Один дед, тот, что родился в пустыне и разговаривал на языке аборигенов, ныне забытом, сидел в центре города и руководил движением поездов, которые перевозили через пустыню людей — в город и из города: одни ехали туда умирать, другие — рождаться, а третьи уезжали. Ибо уже родились. Или умерли.

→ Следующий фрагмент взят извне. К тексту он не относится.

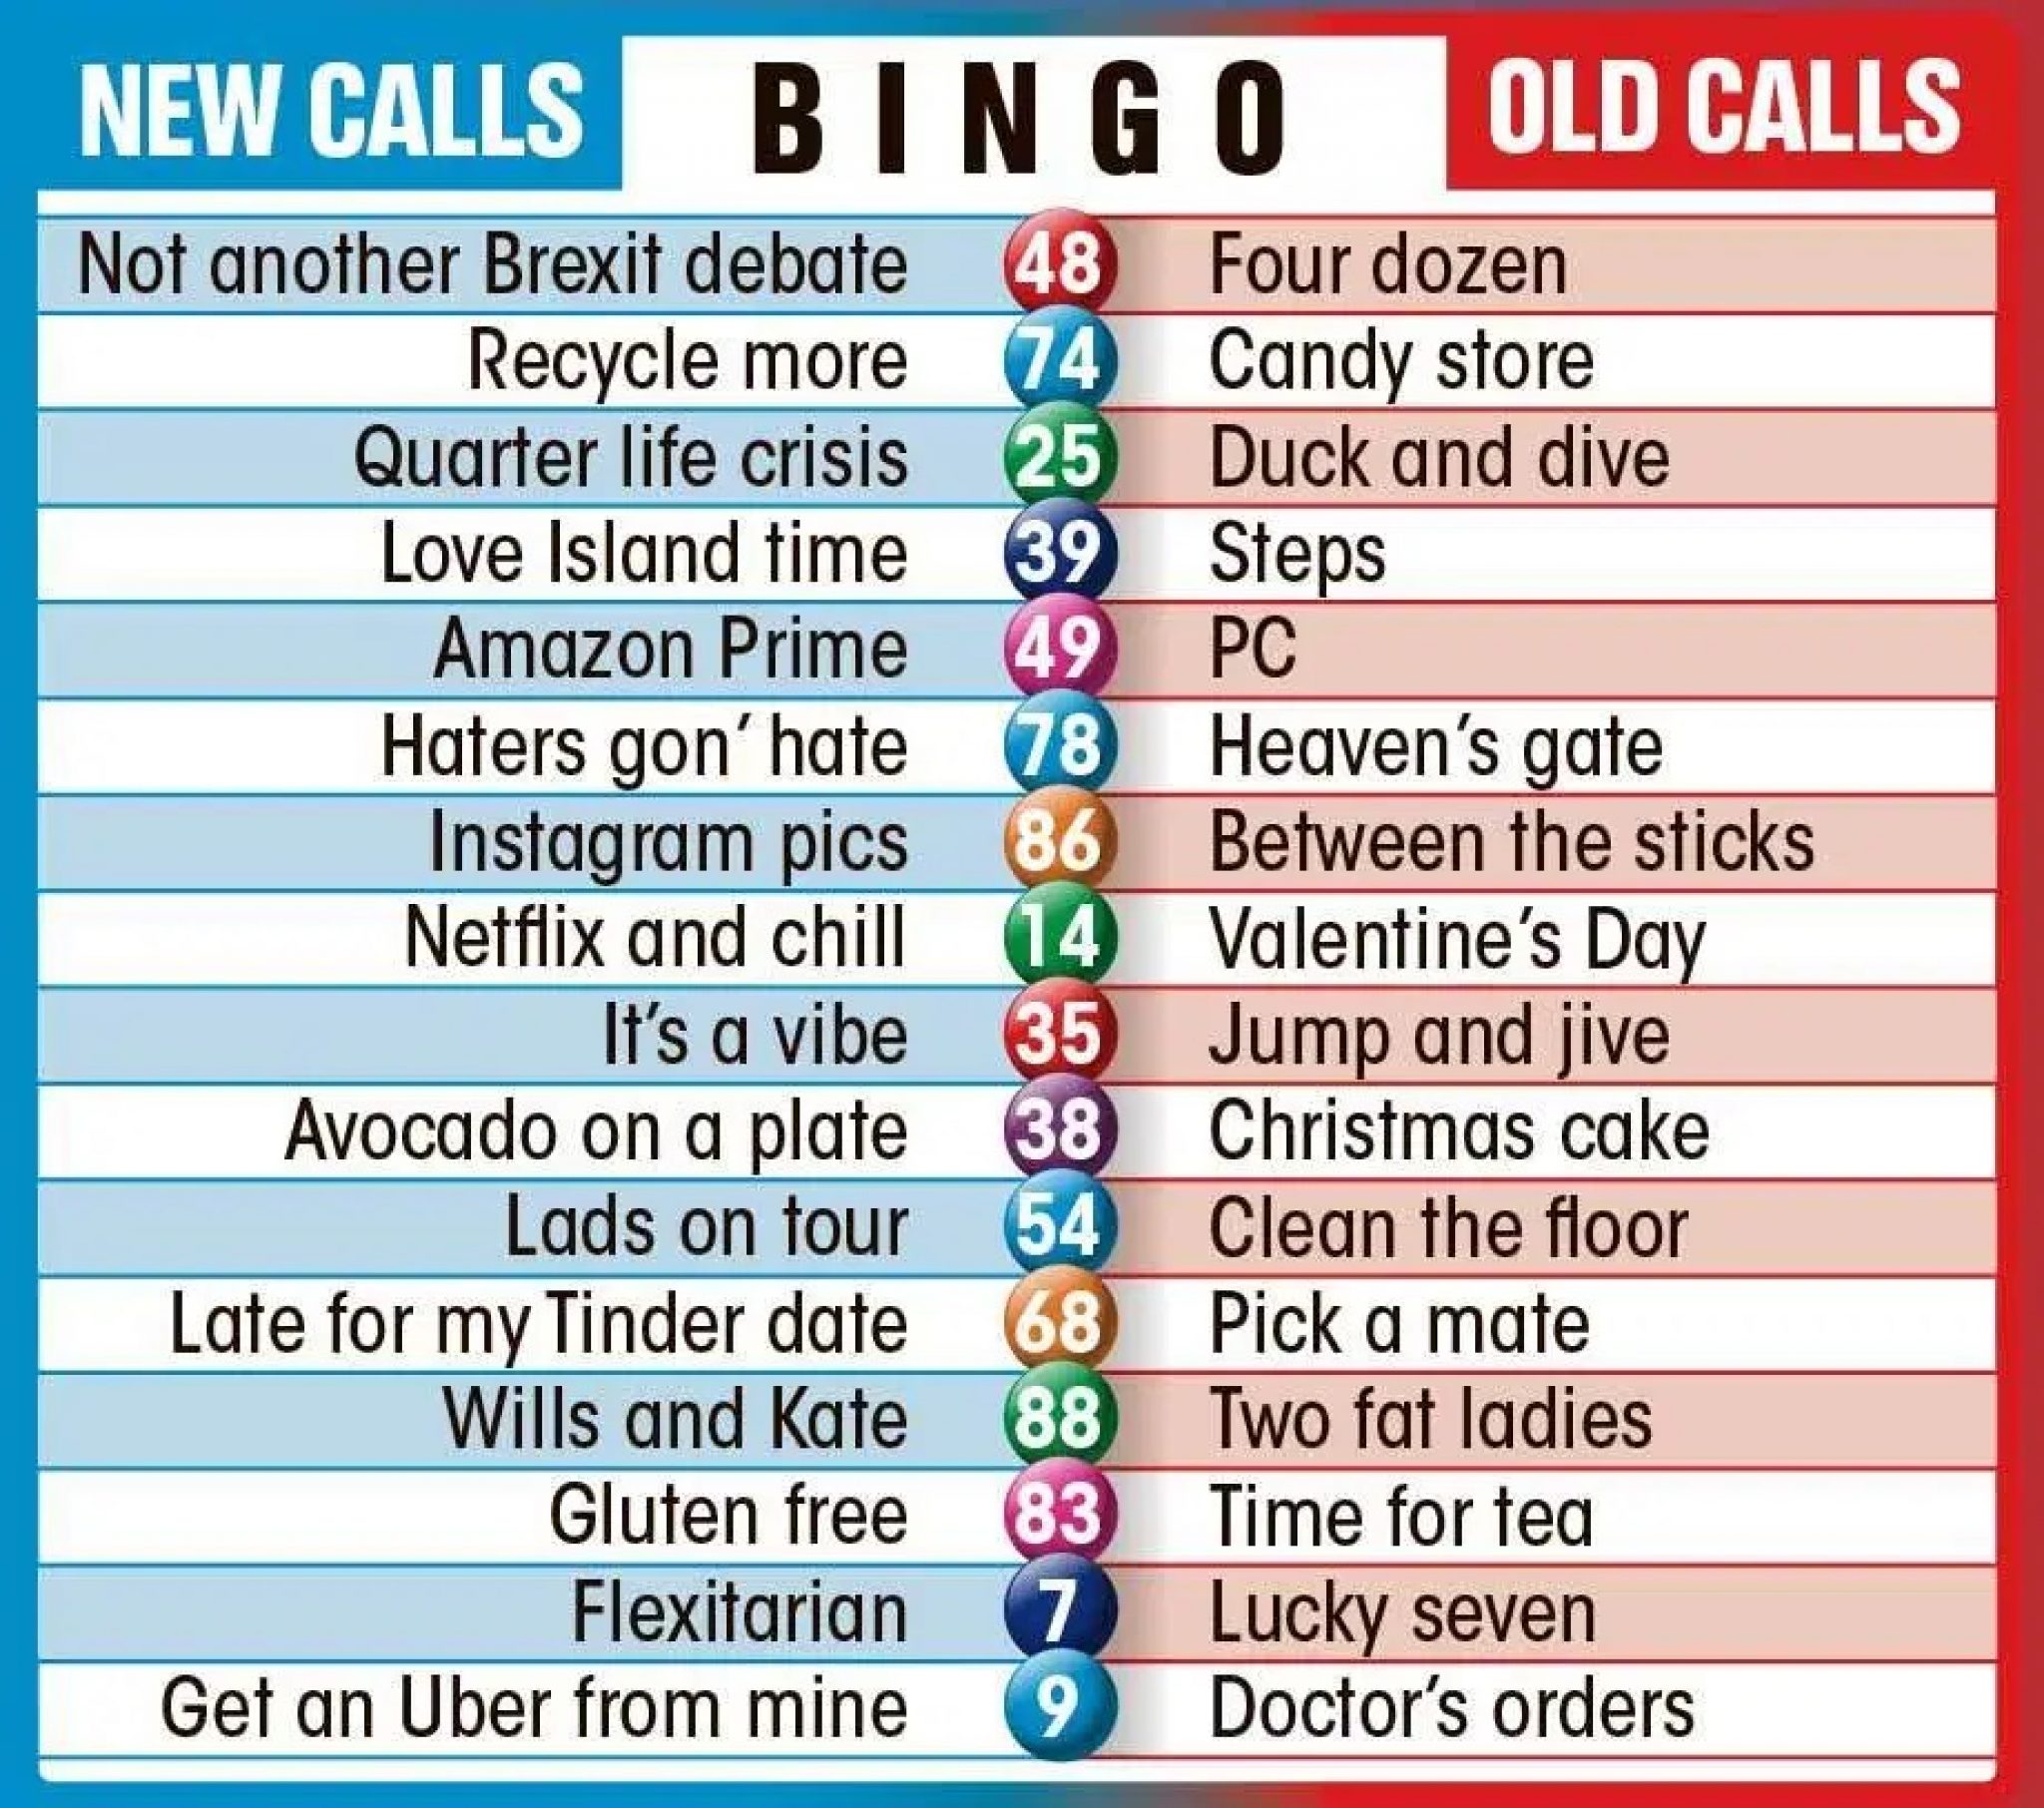 Bingo Calls For All Numbers

Другой дед, тот, что родился в степи у моря, мечтал обучить меня далекому степному языку, но не смог. Ведь я родился, а он — умер. Поэтому я не помню ни деда, ни языка, на котором когда-то мог разговаривать. Зато мне рассказывали, как дед — тот самый, что всю жизнь вспоминал о родной степи, — делал из бронзы, из гранита и еще из чего-то, из чего обычно это делают, больших усатых дядек. Я видел их фотографии. Один дядька — просто усатый, зато с волосами. А другой — лысый, но еще с бородкой, а когда лысине было холодно, он прикрывал ее каменной (или бронзовой) кепкой. И когда умер усатый дядька без бороды — один из бронзовых или каменных, или еще из чего, — мой дед очень плакал, потому что он делал этих дядек, делал — и высылал из города, в пустыню. Чтобы в пустыне тоже что-то было. И стояли эти усатые дядьки в пустыне, а мимо них, по железным рельсам, ехали поезда, гонимые другим моим дедом, в пустыне родившимся и знавшим язык ее аборигенов, давно забытый. А может, и аборигенов не было. А был только — язык. Но в языке этом не было звука Щ. Поэтому фамилия моя, и деда моего, и его сына, моего отца, — фамилия наша на этом языке не произносилась. А только подразумевалась. Написать же ее было вообще невозможно. Но в одном я точно уверен: в этом языке было слово — «умр», которое означало «жизнь». Остальных слов — не было.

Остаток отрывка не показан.